The Seasons of an Artist
For the longest time I operated under the assumption that growth followed some kind of straight, logical line. Practice leads to progress, progress leads to clarity, clarity leads to momentum. When I was younger, that belief felt almost moral. If something wasn’t working, I assumed I wasn’t working hard enough. If a stretch felt dull or directionless, I assumed I was falling behind someone who “had it all figured out.”
It has taken me decades to admit that none of that is true. My life in music has never moved in a line. It has moved in seasons. Some come roaring in with energy and color and velocity. Some creep in like fog, obscuring my sense of direction. Some feel like abundance. Some feel like deficit. And none of them ask for my permission.
The performance seasons are the easiest to misunderstand. From the outside it can look like motion, accomplishment, affirmation. The lights, the travel, the checks clearing. But internally it can feel strangely thin. You might be playing a lot, but you are not necessarily changing. You are maintaining, surviving, delivering. A lot of what people call “momentum” is really just velocity.
Then there are the winter seasons. The ones nobody wants to talk about. The ones you can’t post your way out of. Those stretches when the calendar is mostly empty squares and you’re left with your practice, your doubts, and the long quiet stare at the instrument you thought you understood. In my twenties I mistook those periods for failure. In my thirties I tried to outwork them. By my forties I realized something else was happening. Winter was where the real rebuilding lived. Winter was where technique got cleaned up, where old assumptions cracked open, where new questions finally had the space to breathe.

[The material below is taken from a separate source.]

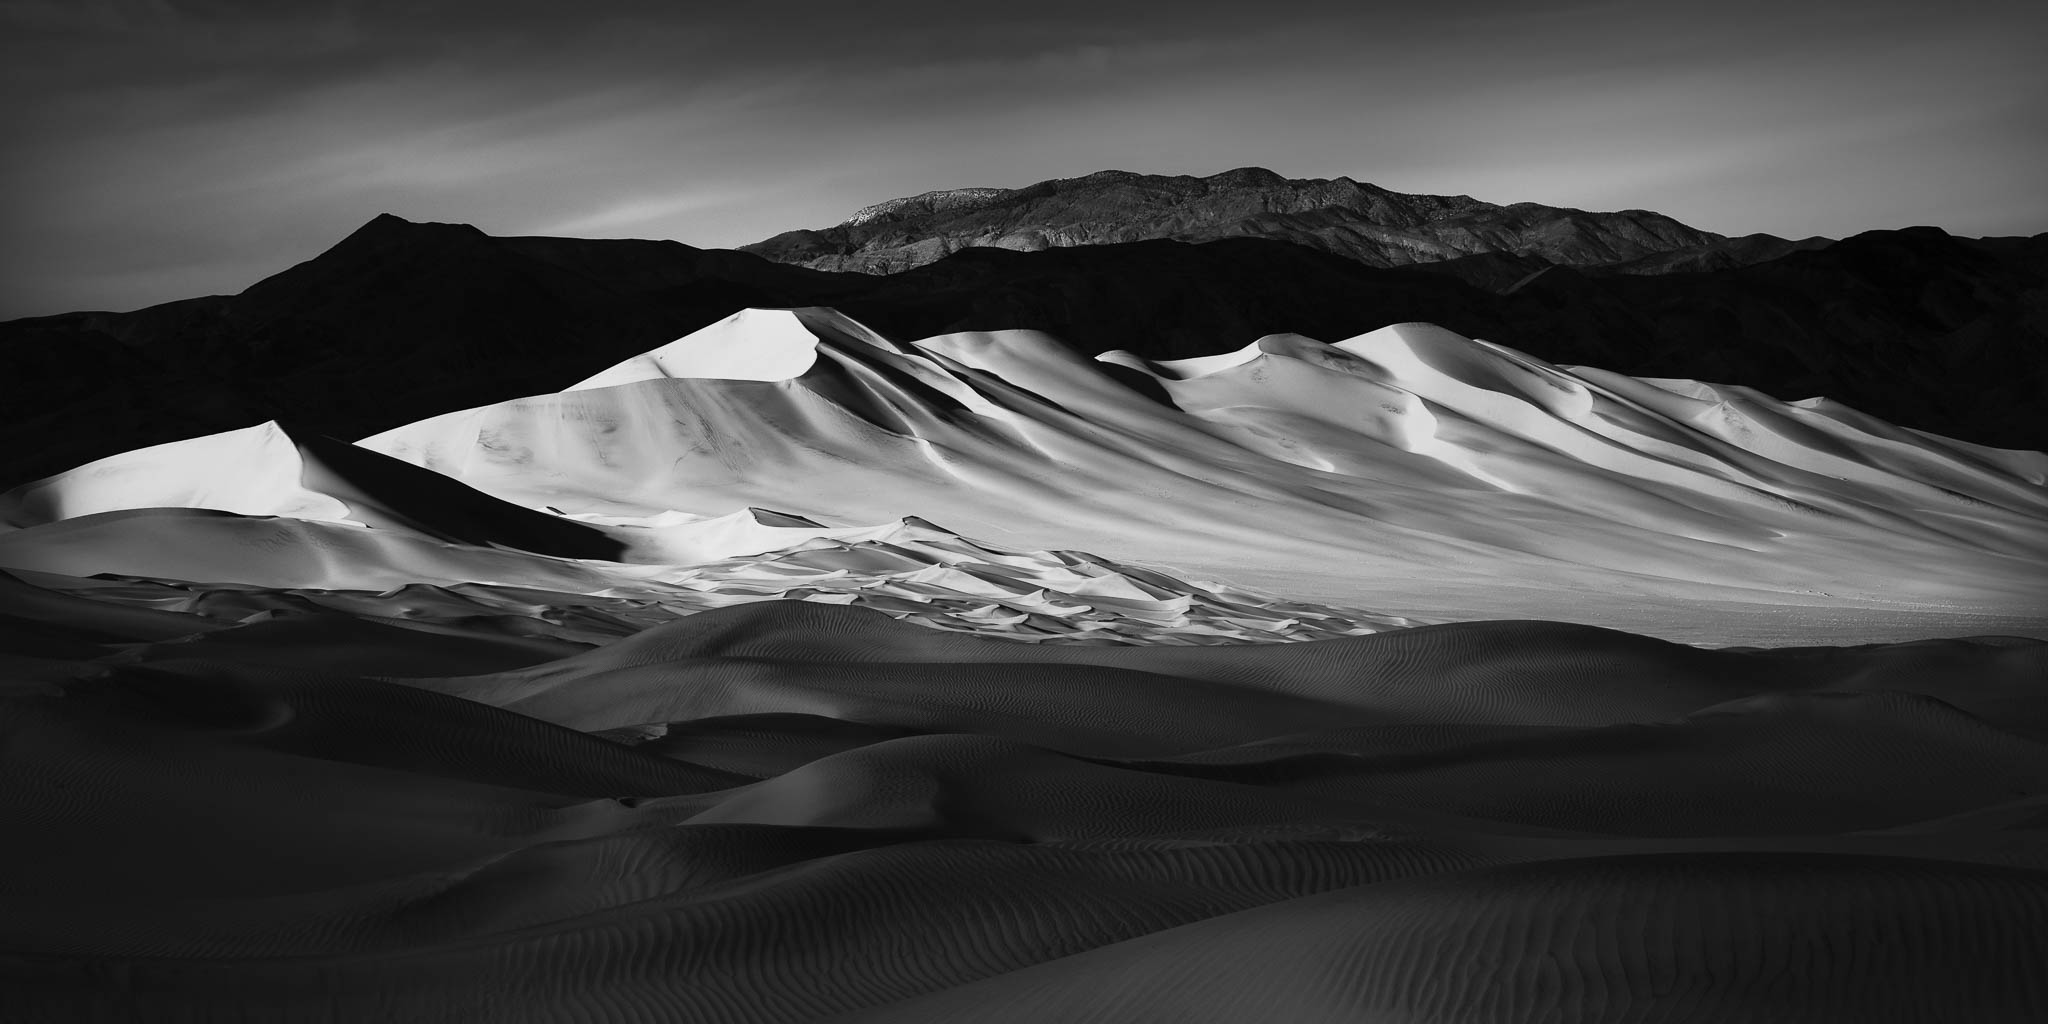 california, death valley national park, desert, eureka dunes, mojave desert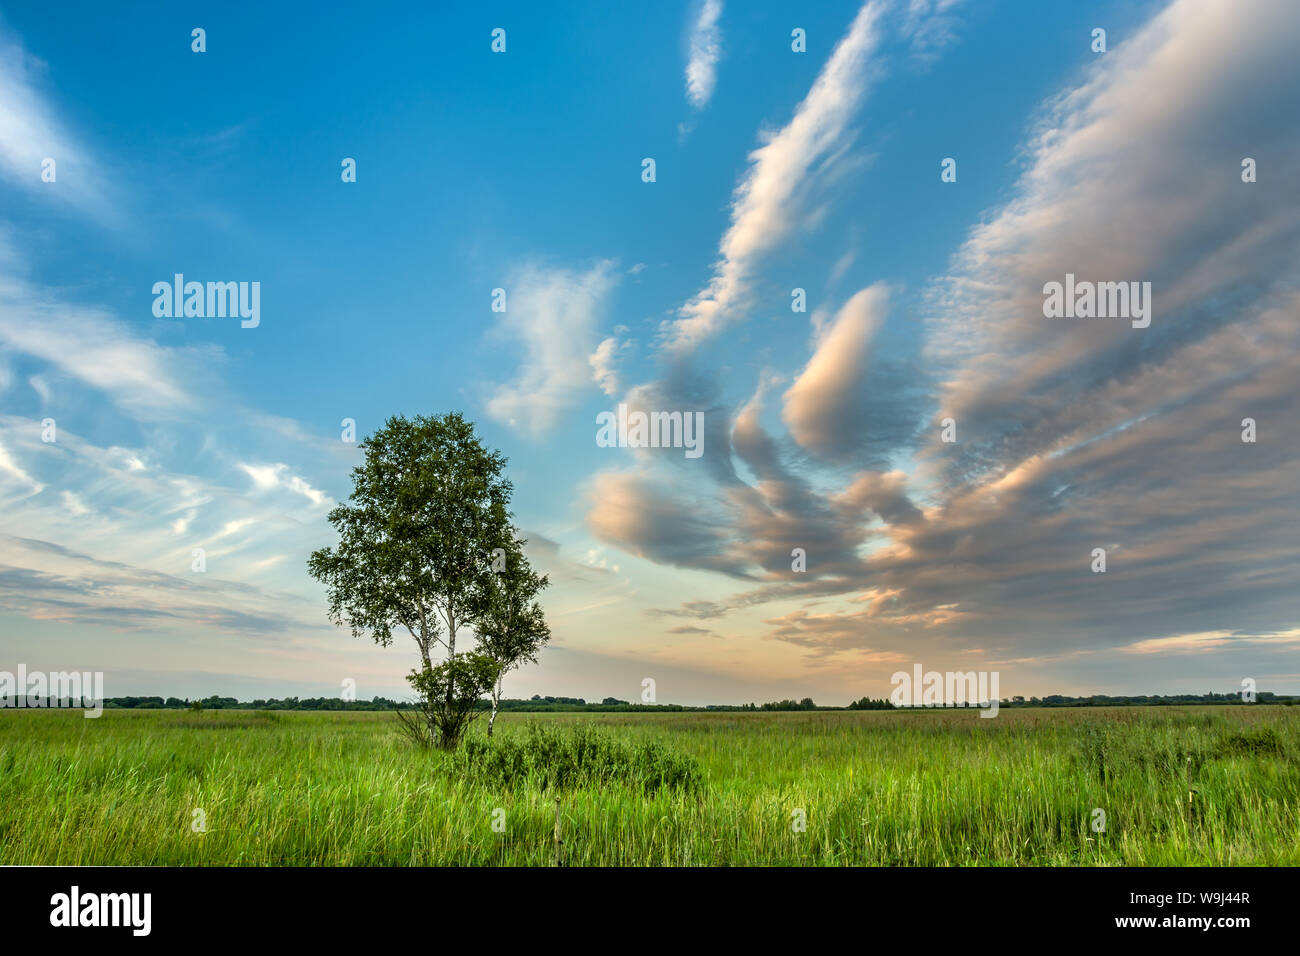 Einsame Birke in einer Wiese und bunten Wolken am blauen Himmel Stockfoto

Some of my deepest seasons of growth have arrived when life outside the music was falling apart. The bow arm remembers everything. Rejuvenation and grief, money and debt, love and loss. My time-feel has tracked my nervous system more faithfully than any journal I’ve ever kept. There were months when picking up the violin felt like trying to play underwater. And yet even those stretches fed the long arc toward the musician I’m still becoming. I kept showing up. Not to be brilliant. Just to stay in conversation with myself.
I don’t control these seasons, and I don’t always understand them while I’m in them. But I trust them now in a way I never could before. When things are open and bright, I push. I take bigger swings. When things are heavy and slow, I simplify. I return to basics. I keep small promises and build from there. Both states have their own wisdom. Both do necessary work.
If you’re in a bright season, expand. If you’re in a cold one, don’t mistake it for decline. You’re not behind. You’re not being erased. You’re in season. Every musician who has endured has learned to recognize their own weather. And the longer I do this, the more I see that the seasons I once dreaded were the ones quietly making me more durable, more awake, and more myself.